When asked what he thought about the cultural wars, Irving Kristol is said to have replied, “They’re over,” adding, “We lost.” If Kristol was correct, one of the decisive battles in that war may have been over the liberal arts in education, which we also lost.
In a loose definition, the “liberal arts” denote college study anchored in preponderantly Western literature, philosophy, and history, with science, mathematics, and foreign languages playing a substantial, though less central, role; in more recent times, the social science subjects—psychology, sociology, political science—have also sometimes been included. The liberal arts have always been distinguished from more specialized, usually vocational training. For the ancient Greeks, the liberal arts were the subjects thought necessary for a free man to study. If he is to remain free, in this view, he must acquire knowledge of the best thought of the past, which will cultivate in him the intellectual depth and critical spirit required to live in an informed and reasonable way in the present.

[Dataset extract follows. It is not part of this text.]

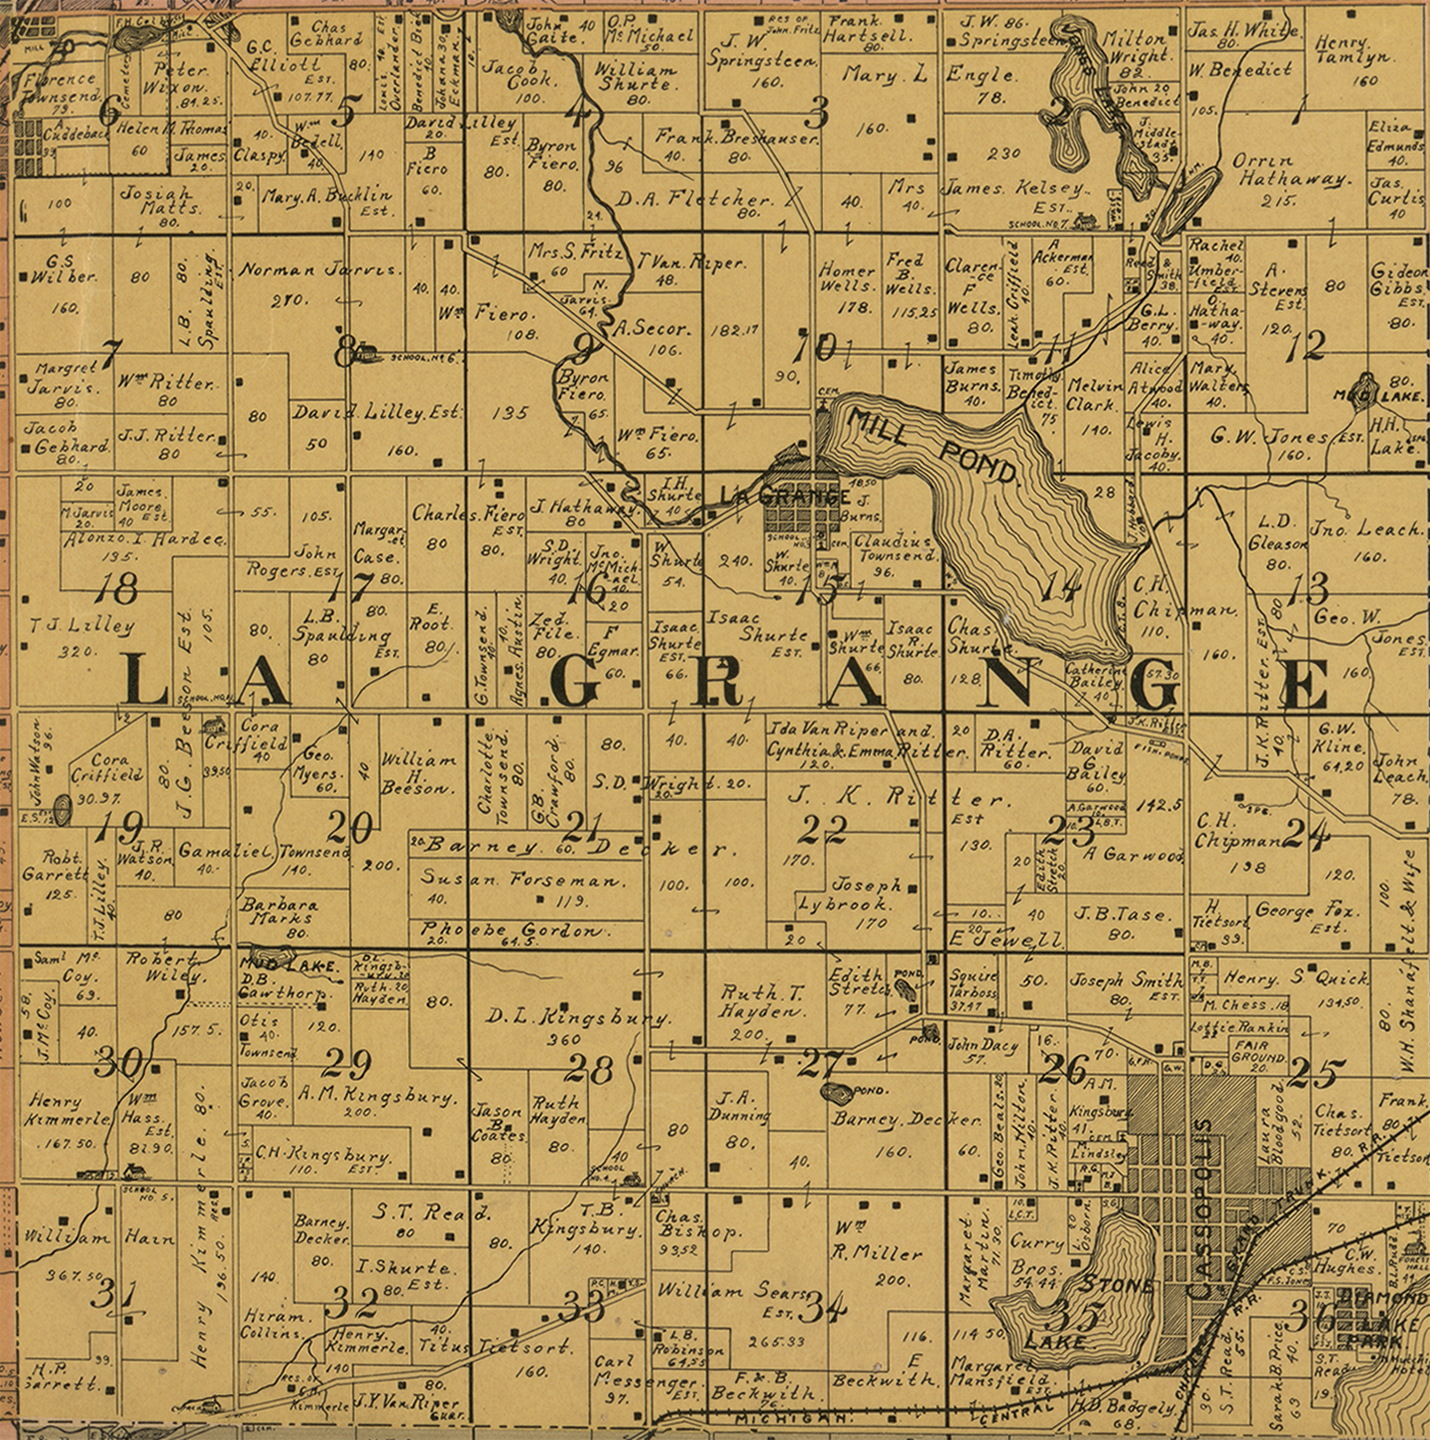 1897 Lagrange Township Michigan landownership map

For many years, the liberal arts were my second religion. I worshipped their content, I believed in their significance, I fought for them against the philistines of our age as Samson fought against the Philistines of his—though in my case, I kept my hair and brought down no pillars. As currently practiced, however, it is becoming more and more difficult to defend the liberal arts. Their content has been drastically changed, their significance is in doubt, and defending them in the condition in which they linger on scarcely seems worth the struggle.